More comments are available on:
14 thoughts on "Actually, Marty didn't go Back To The Future: Graphing the train sequence of BTTF3"
Commented 2015-11-03 21:28:45
Don't Be So Gullible, McFly. In the first episode, the logistics of Marty turning on a speaker so loud it literally throws him across the room hitting a bookshelf would have knocked him unconscious. The rest of the movies are just a dream while he's in a coma. We're tipped off to that fact as people say "Are you ok? You hit your head." and "You've been asleep for hours."
Commented 2015-11-03 21:39:58
A time paradox....
Maybe that is why the children's books are titled "The Berenstain Bears", but everyone remembers them being titled "The Berenstein Bears" (pronounced bear-en-STEEN).
We all jumped to a very similar, but slightly different future with Marty in BTTF3.
Commented 2015-11-03 21:58:15
Do you know how deep the ravine was?
Could the gravity as he plummeted to his doom have helped nudge him from 70->88mph, or would the drag be too high?
Commented 2015-11-04 00:16:14
@Keilin
You're not thinking 4th dimensionally. Sure he would have hit 88 mph on the way to the bottom of the ravine, but that's where he'd end up in 1985, not safely cruising across the rail bridge.
Commented 2015-11-04 01:07:42
> Finally, like Jack Bauer would say, we assume events occur in real-time.
This isn't a sound assumption. Marty's original trip back to 1985 from 1955 took place over several more minutes than it would have actually taken the DeLorean to get up to 88 MPH. It gets more realistic if only Marty or only the Doc's scenes are counted. No reason that should't hold in part III as well.
Commented 2015-11-04 03:53:38
Watch Fast and Furious 6... Look at the ending hiw far does the runway go
Commented 2015-11-06 10:38:10
@John T: Yup, I've always thought the same thing.
Commented 2015-11-05 14:48:56
BTTF2 fails in the middle. When Biff gives the almanac to himself, he skews the time line. There is no way he could return to the previous time line in 2015 to give the time machine back to Marty and Doc Brown. This is by Doc's own explanation as to why they couldn't go back to their own 1985.
Commented 2017-01-19 19:51:25
Interesting article.
Commented 2016-08-05 02:45:36
Stop Spoiling My Favourite MOVIE! - Yes! - It's A Freakin' Movie Guys!
Commented 2015-11-04 11:37:13
@Dan D.: You're right the original trip back is clearly not in real-time. And the train sequence is very probably not all real time. But I figured it wasn't completely unreasonable to treat it as such because when you watch it, most of it does feel RT and we pretty much see everything that happens in an uninterrupted way, as opposed to the first movie where it really does feel like overlapping shots.
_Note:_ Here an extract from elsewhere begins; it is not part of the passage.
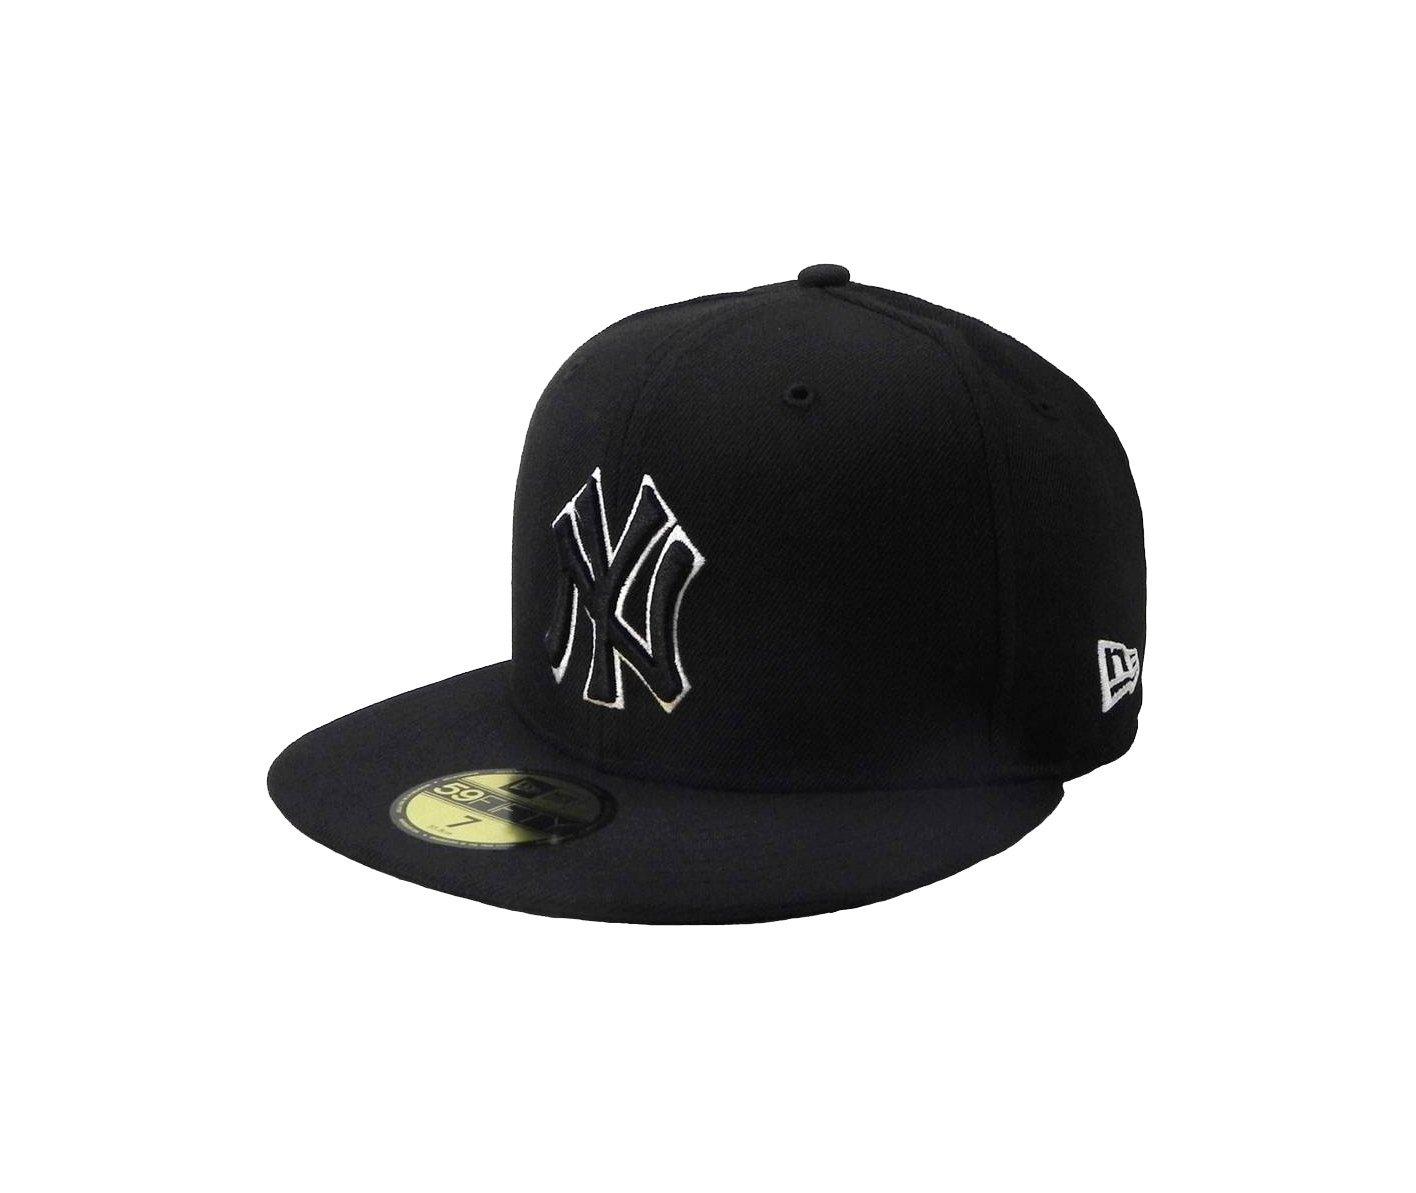 863956e927587 Get Quotations · New Era MLB cap New York Yankees men s headwear  black white fitted hat (8

But for the sake of argument, even if the analysis is skewed a bit, it does suggests they were missing a lot of tracks. So if some of the sequence can be considered RT and some of it not, for them to reach the 88 mph in under 3 miles, probably a lot of it would need to be non-RT, which didn't feel right to me based on the way it's presented in the movie.
In any case, thanks for the comment!
Commented 2015-11-04 14:04:52
This is brilliant! Thanks for the informative read and combine your skills with our shared enjoyment for BTTF!
Commented 2015-11-04 18:29:34
But maybe he made it after all, what if after the track ends he begin to fall so extra speed, what is the terminal velocity for a delorean that travel at around 60mph? He made it but jump and land on the bottom of the cliff, that's why the name change and he actually get to the future.
Commented 2015-11-04 19:56:41
You are recording time from your vantage point, the watcher. Clearly the time in the delorean goes slower because of relativistic effects.
(ok, so relativity at that speed doesn't account for much, but just saying).